В настоящее время нами установлено, что процесс узнавания повреждения очень сложен. Для того, чтобы достичь каталитически-активного состояния, в котором происходит удаление поврежденного участка, разные ферменты проходят от трех до пяти стадий подстройки конформации. Именно конформационные превращения 8-оксогуанин-ДНК-гликозилаз обеспечивают высокую точность узнавания повреждения и эффективность действия этих ферментов. Полученные данные позволили определить молекулярную природу отдельных стадий взаимодействия ферментов с ДНК-субстратами и установить стадии, которые вносят наибольший вклад в специфичность узнавания ферментами ДНК-субстратов. На основе полученных данных разработаны и запатентованы способы определения активности для двух ферментов репарации. Кроме того, ведется работа по поиску активаторов и ингибиторов этих ферментов. Так, например, в случае необходимости можно будет заранее активировать систему репарации у людей, ДНК которых может подвергнуться повышенному негативному воздействию. С другой стороны, замедление (ингибирование) работы ферментов репарации необходимо при химиотерапии, для того, чтобы ослабить защиту организма и усилить действие противораковых препаратов.

— А как вы относитесь к идее, что геном человека прочитан и будущее — не за геномикой, а за протеомикой?

— Когда начинали «читать» геном, думали, что расшифруют его и всё станет ясно, откроются все тайны жизни на Земле. В итоге, несмотря на то, что многое стало понятным, глобальные ожидания ученых не оправдались.
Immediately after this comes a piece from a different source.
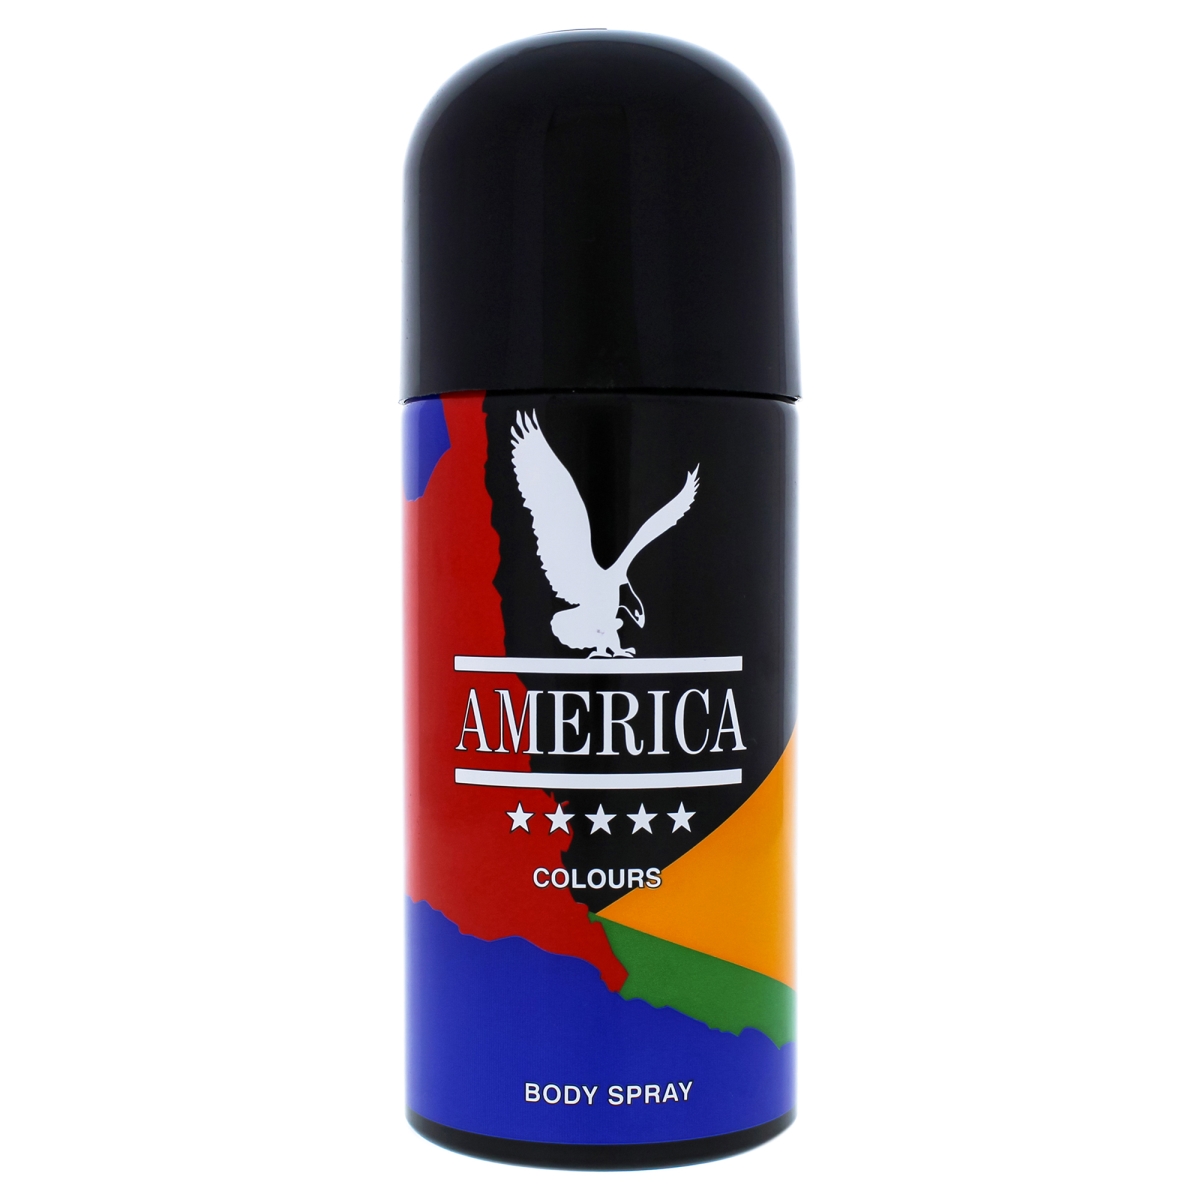 I0088756 America Colours Body Spray For Men - 5.1 Oz

Протеомика в настоящее время — это перспективное направление, в первую очередь важное для медицины.

— Скажите, Никита, вам ваша научная деятельность помогает что-то понять в жизни, её организации, устройстве, понять, что такое человек или в целом живое существо?

— Нужно определиться с самим термином «жизнь». Для себя я, наверное, могу выделить два определения: жизнь как взаимодействие человека с окружающим миром и жизнь как совокупность биохимических процессов, протекающих в нашем организме. Работа в фундаментальных научных исследованиях приводит к осознанию того, что на самом деле, жизнь — очень сложная штука, иногда просто непознаваемая, а мы лишь вглядываемся в её устройство и пытаемся что-то понять, выделить одну «деталь» из тысяч и установить её функциональное значение. Исследование и понимание биохимической жизни заставляет задуматься, как всё устроено и в жизни вообще. Безусловно, научная деятельность накладывает отпечаток на мировоззрение. Как говорит наш завлаб, и с чем я полностью согласен — жизнь, в принципе, невозможно понять до конца, её познание бесконечно.